Depending on the sum insured, customers get an additional cover that they can use to pay for OPD, diagnostics, AYUSH treatment, etc.
"If the customer doesn't use this cover, it carries forward to subsequent years. The policyholder also keeps getting six per cent annual interest on the reserve benefit that they keep carrying forward year after year," says Bhabatosh Mishra, COO, Apollo Munich.
An individual gets Rs 5,000 as reserve in policies with sum insured of Rs 300,000 and Rs 500,000.
The reserve increases with the cover, and the maximum offered is Rs 25,000 in a Rs 5 million policy.
ICICI Lombard offers OPD benefit under its Complete Health Insurance plan which is a comprehensive family floater policy that has a wellness programme, free health check-ups, AYUSH treatment, and so on.
The OPD benefits are linked to the sum insured and go up to Rs 20,000 in policies having cover of Rs 1.5 million, Rs 2 million, Rs 3 million and Rs 5 million.
So, what's new?
Insurers are tying up with chains that are backed by corporates or partnering with start-ups to offer the benefits.

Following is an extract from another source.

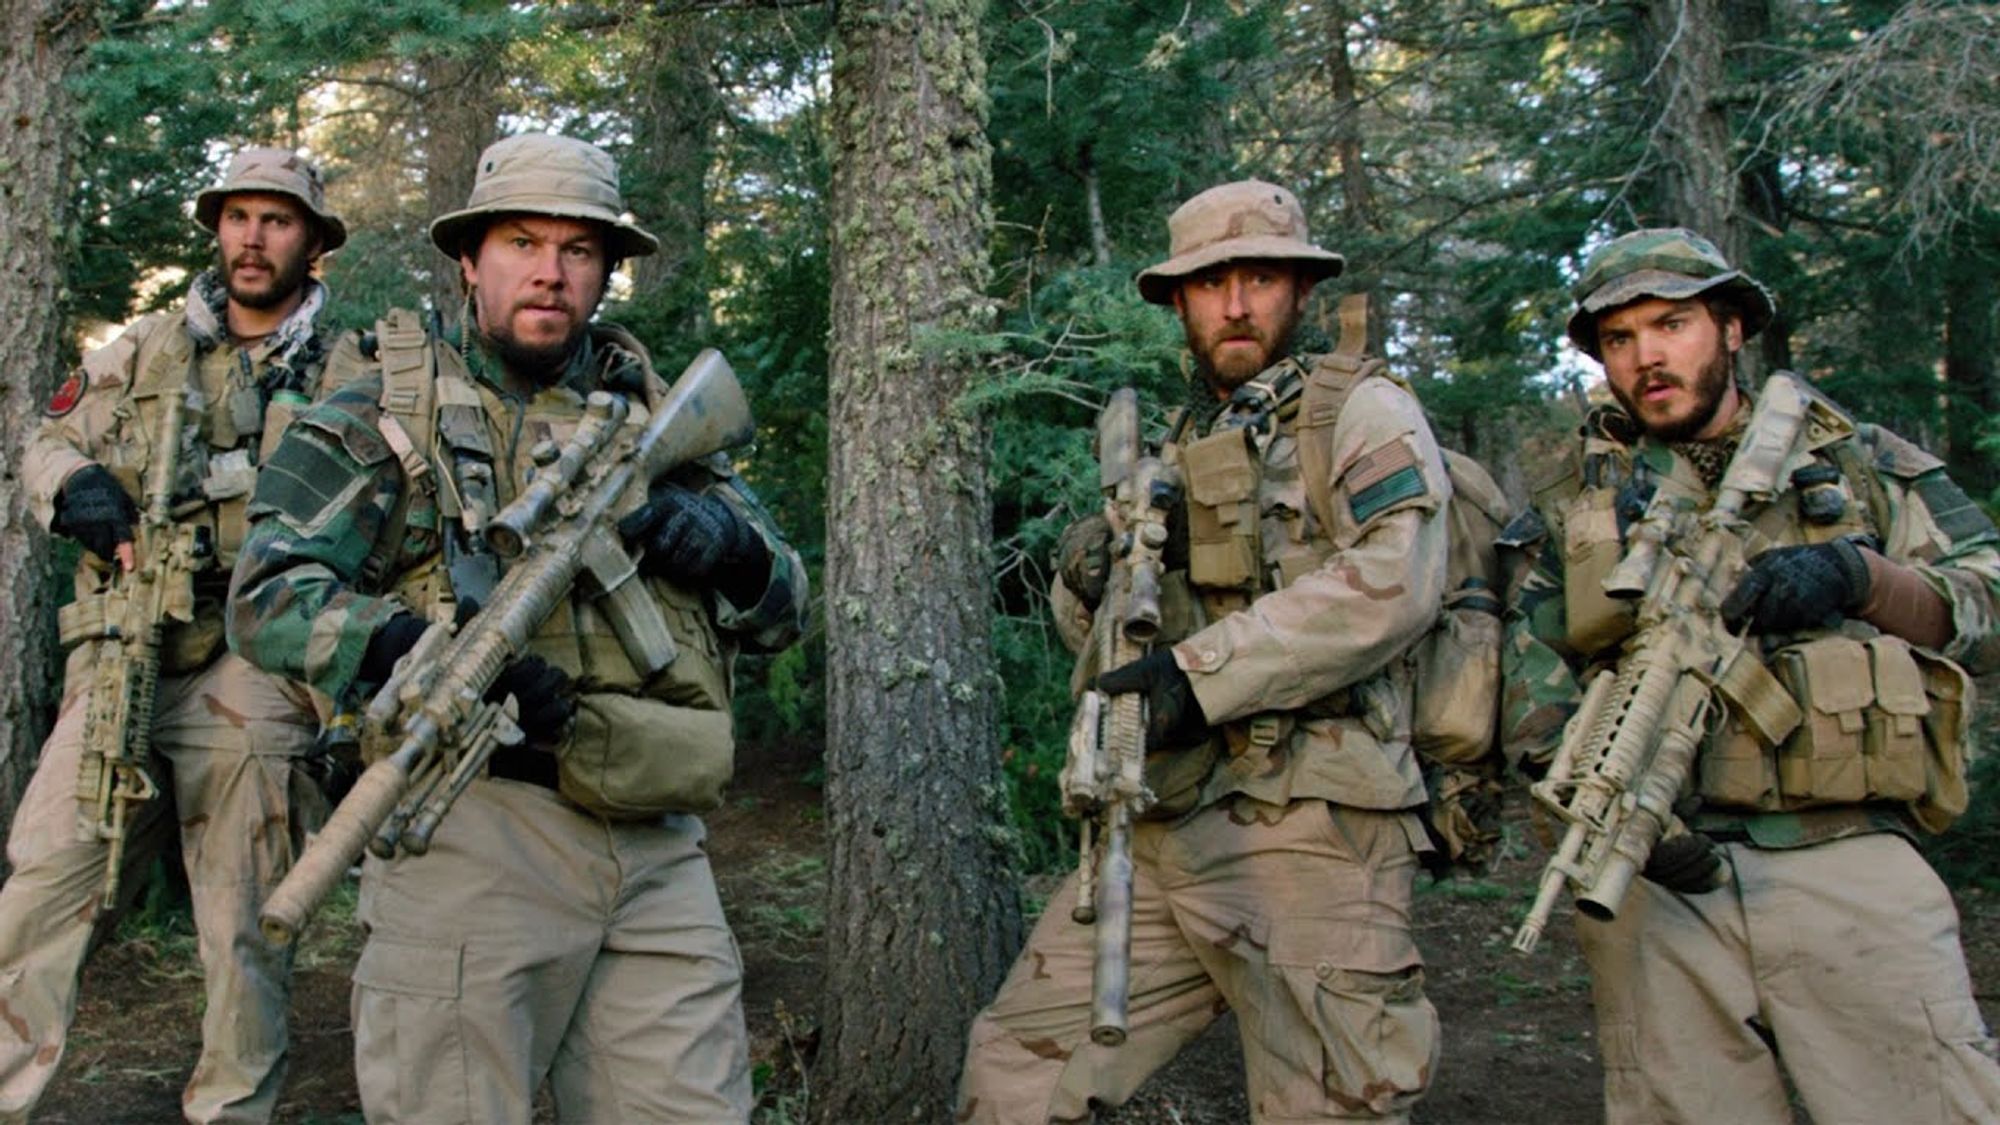 Lone Survivor' star: Let's 'square up' with veterans
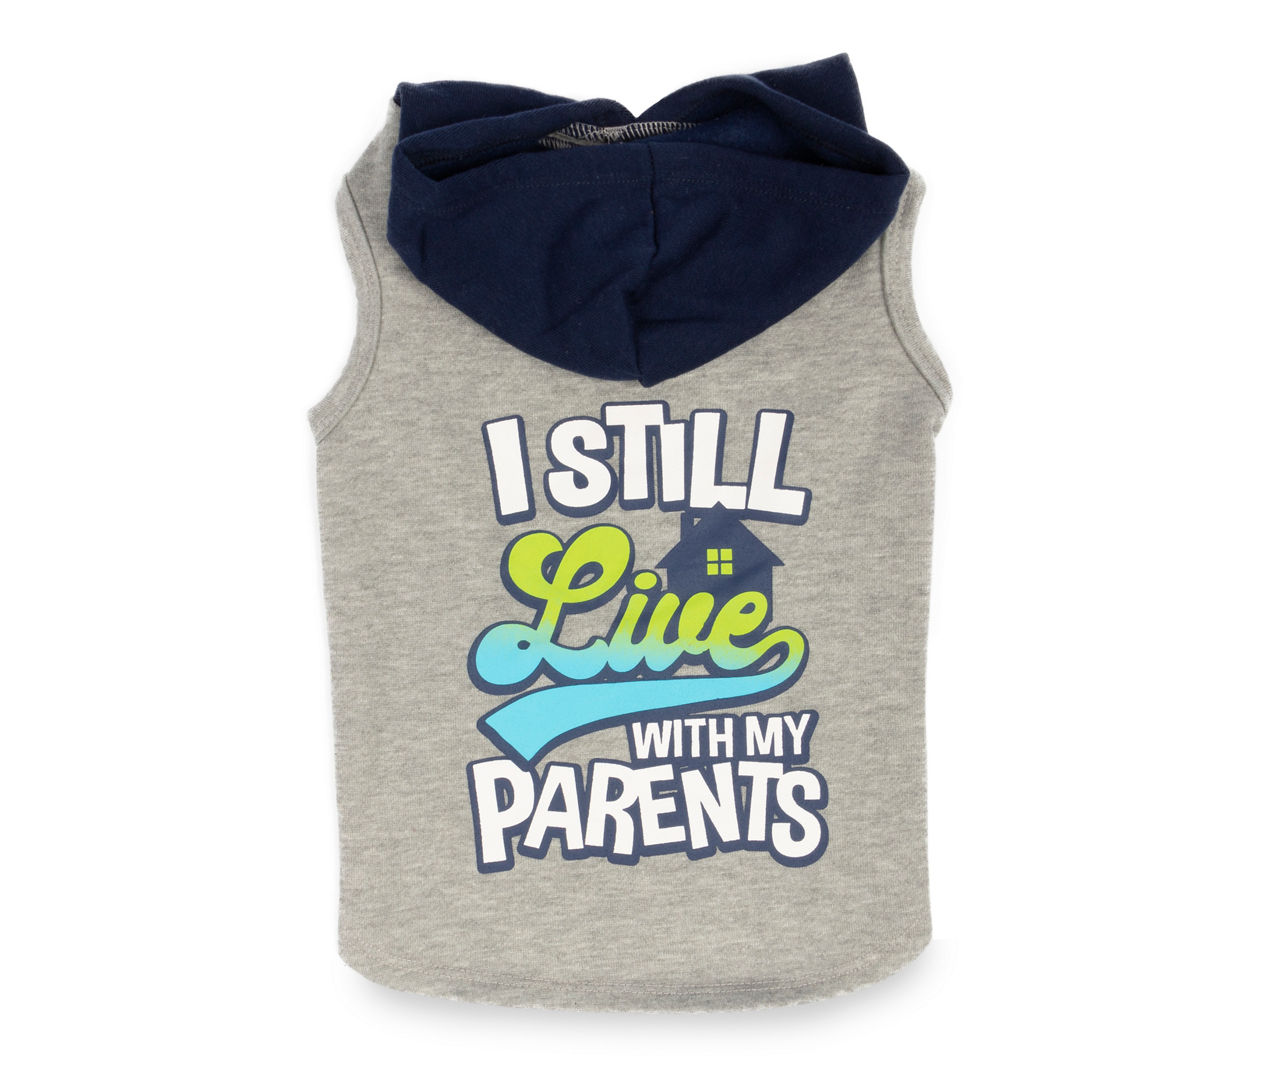 "Live With My Parents" Pet X-Large Gray & Blue Hoodie

They can now have complete control on the process and don't rely on the consumer to provide bills and other documents.
ICICI Lombard and Max Bupa, for example, have tied up with Practo to offer cashless doctor consultations.
Earlier, the companies only had the option to reimburse the customers, based on the bills they submitted.
Many therefore charged extra premiums equivalent to the OPD benefit. Say, a basic policy with a sum insured ofRs 500,000 lakh had Rs 10,000 premium.
If OPD benefits of Rs 5,000 were offered, the company charged an additional Rs 5,000 to Rs 6,000 premium. Many customers went for it as they got income tax deductions.
Check your doctor's expenses
Experts say most families don't even exhaust Rs 5,000 OPD and diagnostic limits in a year.
"Before you buy a plan, check if you can make full use of it. Most don't even exhaust the entire benefit," says Dhruv Sarin, head of health, Policybazaar.com.
Industry sources point out that the average utilisation of OPD has been 60 per cent of the benefit offered.
While the insurers and their partners are expanding the network of doctors and hospitals, check whether you can access them easily.
Experts say that most people don't make full use of the feature if they have to travel some distance.
What if prices reduce in future?
Over time, the premiums for policies with OPD and diagnostics have been coming down. There's also a possibility that your insurer launches a new policy with additional features at a lower or same premium for new customers.
What are your options in such a case?
When the policy is due for renewal, insurers allow customers to shift to a new policy on 'as is basis'.
"The process is similar to porting of health insurance. You can opt for the new policy and there won't be any health check-ups for the same sum insured," says Mishra of Apollo Munich.
"If you, however, demand an increase in the cover, the insurer may ask you to go for medical tests," Mishra adds.
Otherwise, the policyholder needs to pay only the differential premium.